[英]How to scrape dynamic data with PHP Simple HTML DOM Parser
first let me say that I have read over numerous "scrapping" threads on here and none have been of help to me. 首先,我要说的是,我在这里阅读了许多“报废”线程,但对我没有帮助。 I also checked around the internet for days and now I am getting close to the wire I am hoping someone can shed some light on this for me.
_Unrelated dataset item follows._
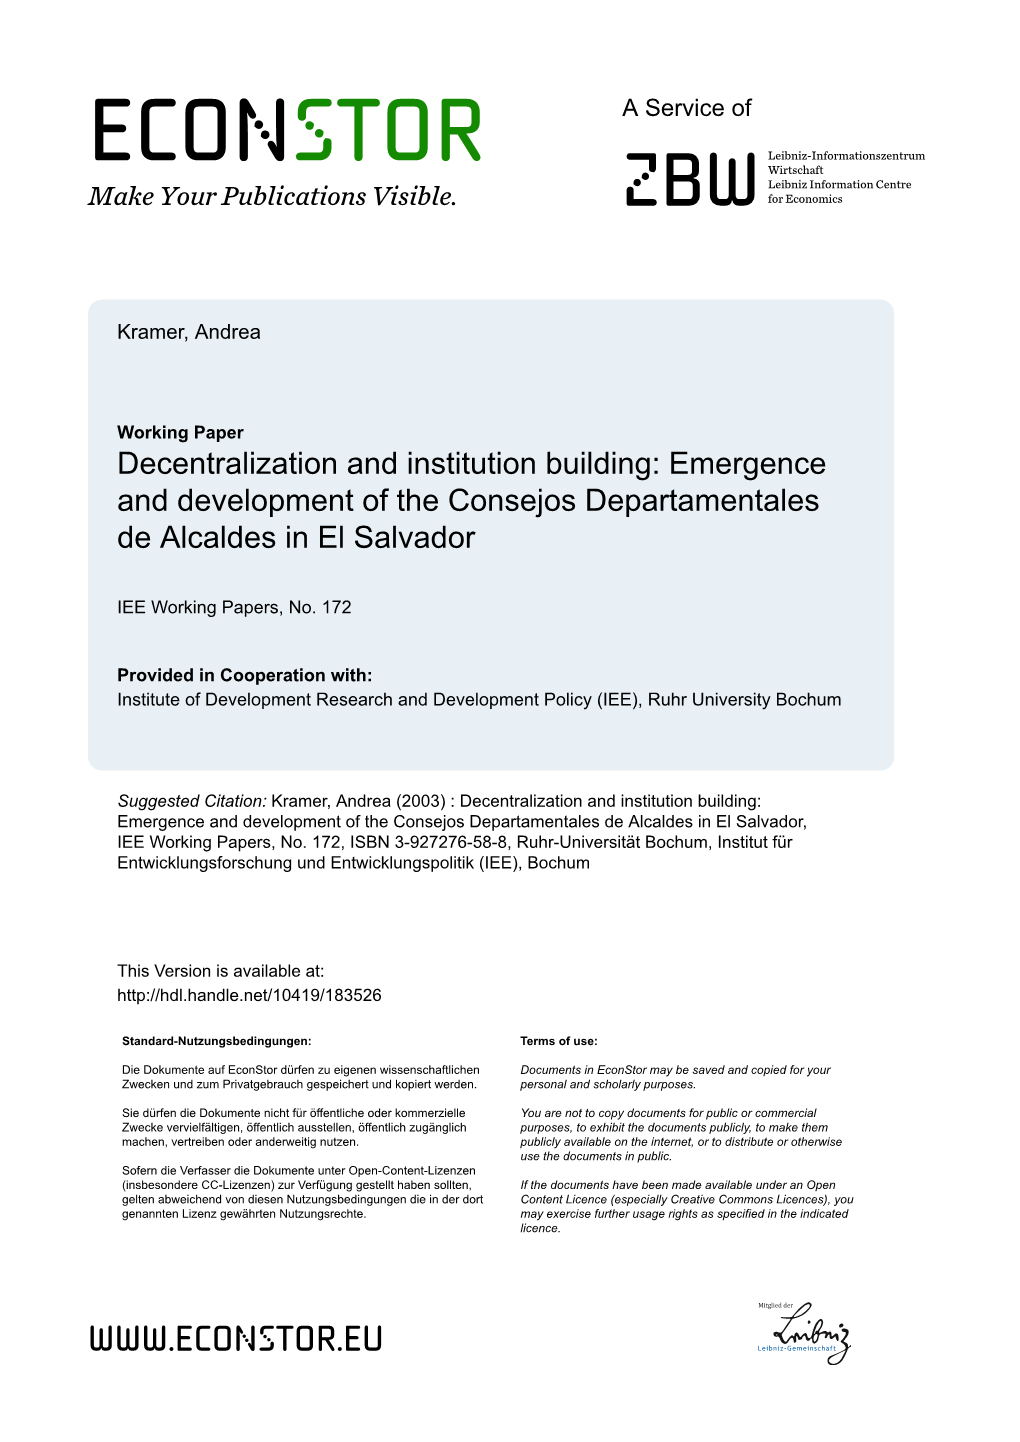 Decentralization and Institution Building: Emergence and Development of the Consejos Departamentales De Alcaldes in El Salvador

我也检查了几天的互联网,现在我已经接近电线,希望有人可以帮我一下。
I am using PHP Simple HTML DOM Parser to scrape some data from a page. 我正在使用PHP Simple HTML DOM解析器从页面中抓取一些数据。 The url I am working with serves dynamic content and I can not seem to get anything to work to pull that content in. I need to scrape the text(plain) from
<tr id="0" class="ui-widget-content jqgrow ui-row-ltr" role="row">
to <tr id="9" class="ui-widget-content jqgrow ui-row-ltr" role="row">
, I feel like once I get one to work I can get the others. 我正在使用的url提供动态内容,但似乎无法进行任何操作来提取该内容。我需要从
<tr id="0" class="ui-widget-content jqgrow ui-row-ltr" role="row">
到<tr id="9" class="ui-widget-content jqgrow ui-row-ltr" role="row">
,我觉得一旦获得工作,我可以得到其他人。 Because this info is not actually on the page when the page is loaded but rather comes into the fold after the page loads I am in a rutt. 因为在加载页面时此信息实际上不在页面上,而是在页面加载后进入折叠状态,所以我很不高兴。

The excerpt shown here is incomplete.